Some of the Vegetables Used in this Salad are:
- Red onion
What Are the Health Benefits for These Vegetables?
Spinach and romaine are full of vitamins, minerals, and antioxidants. They are anti-inflammatory and nutrient dense. They contain phytonutrients such as magnesium and potassium. Fun fact: magnesium is great for promoting remineralization in your teeth.
Tomatoes are also anti inflammatory and a high antioxidant food containing phytonutrients such as lycopene, which belongs to a group of pigments called carotenoids. Research shows that foods containing lycopene are closely tied with enhancing immunity and cancer risk reduction, specifically in prostate cancer [*].

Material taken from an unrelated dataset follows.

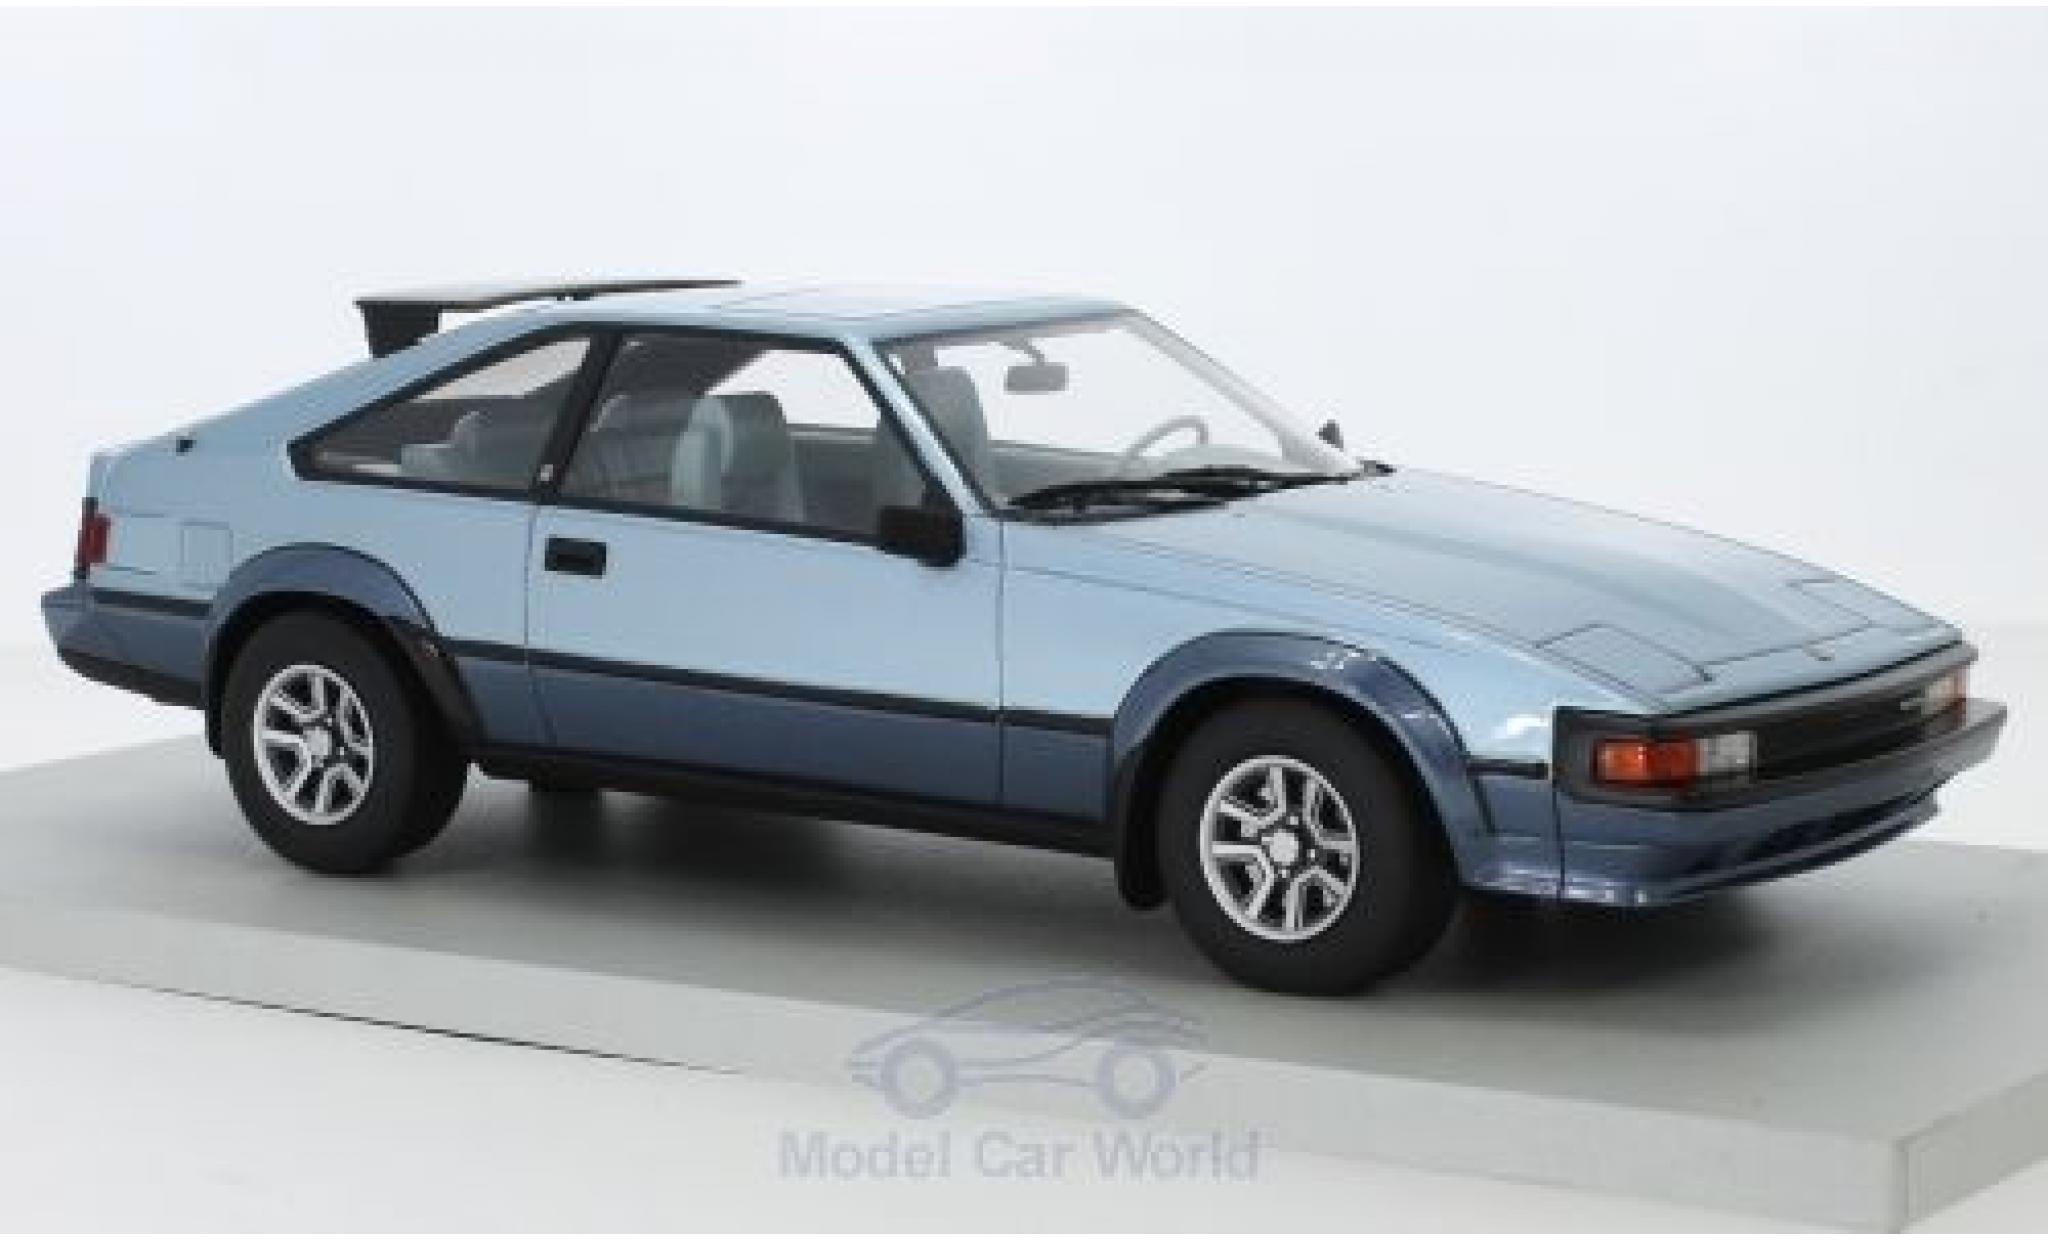 Toyota Celica 1/18 Lucky Step Models Supra MkII mettalic blau/mettalic blau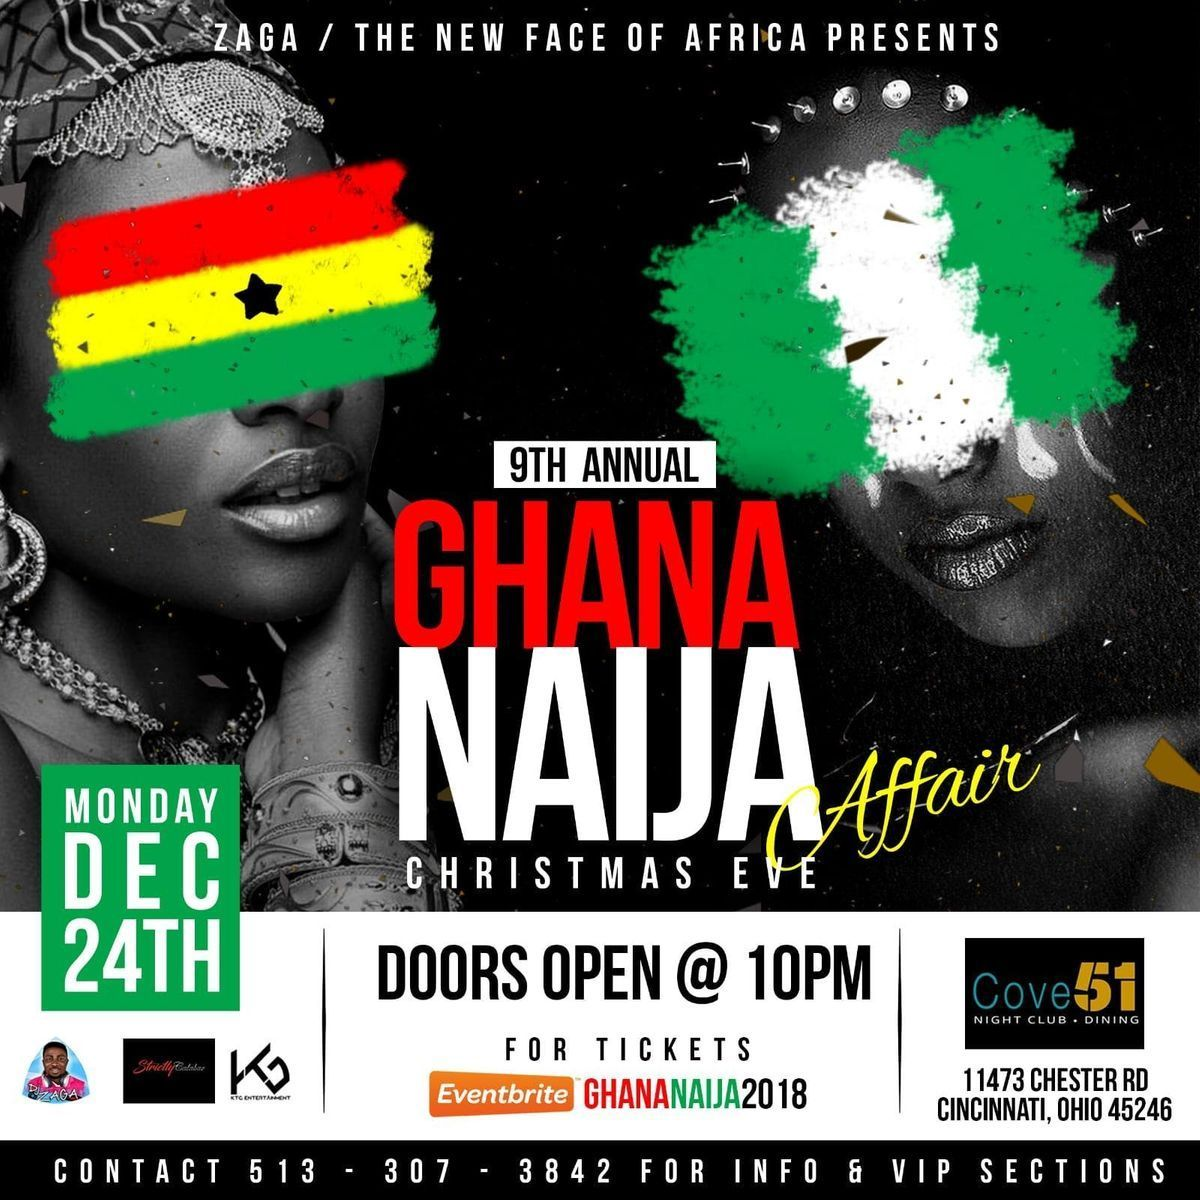 THE 9TH ANNUAL GHANA-NAIJA AFFAIR

Red onions, whose species name is Allium cepa L, are in the same family as leeks and garlic. They contain oils that hold sulfur, which is why their smell and taste is so powerful. They may have a strong taste but that’s not the only thing strong about them. Onions and members of their family contain cancer fighting properties, according to studies [*]. Fun fact: when cutting onions you are puncturing their cell membranes that store alkenyl cysteine sulphoxides, which is why you tear up. But don’t worry, that’s a small price to pay for the amazing health benefits.
Delicious Keto Cobb Salad
- Total Time: 35 minutes
- Yield: 2
- 2 boneless, skinless chicken breasts
- 2½ cups spinach
- 2½ cups romaine, chopped
- 2 hard boiled eggs
- 4 pieces cooked bacon
- 8 cherry tomatoes, sliced
- ¼ small red onion, chopped
- ¼ cup bleu cheese
- Juice of 1 lime
- Sea salt and pepper to taste
- Preheat oven to 350 degrees.
- On a baking sheet lined with parchment paper, add the chicken and sprinkle sea salt and pepper to desire.
- Cook chicken for 30 minutes or until internal temperature reaches 165 degrees. Slice and set aside.
- In two bowls, build the salads by adding spinach, romaine, sliced chicken, sliced tomatoes, chopped onion, eggs, bacon, and bleu cheese.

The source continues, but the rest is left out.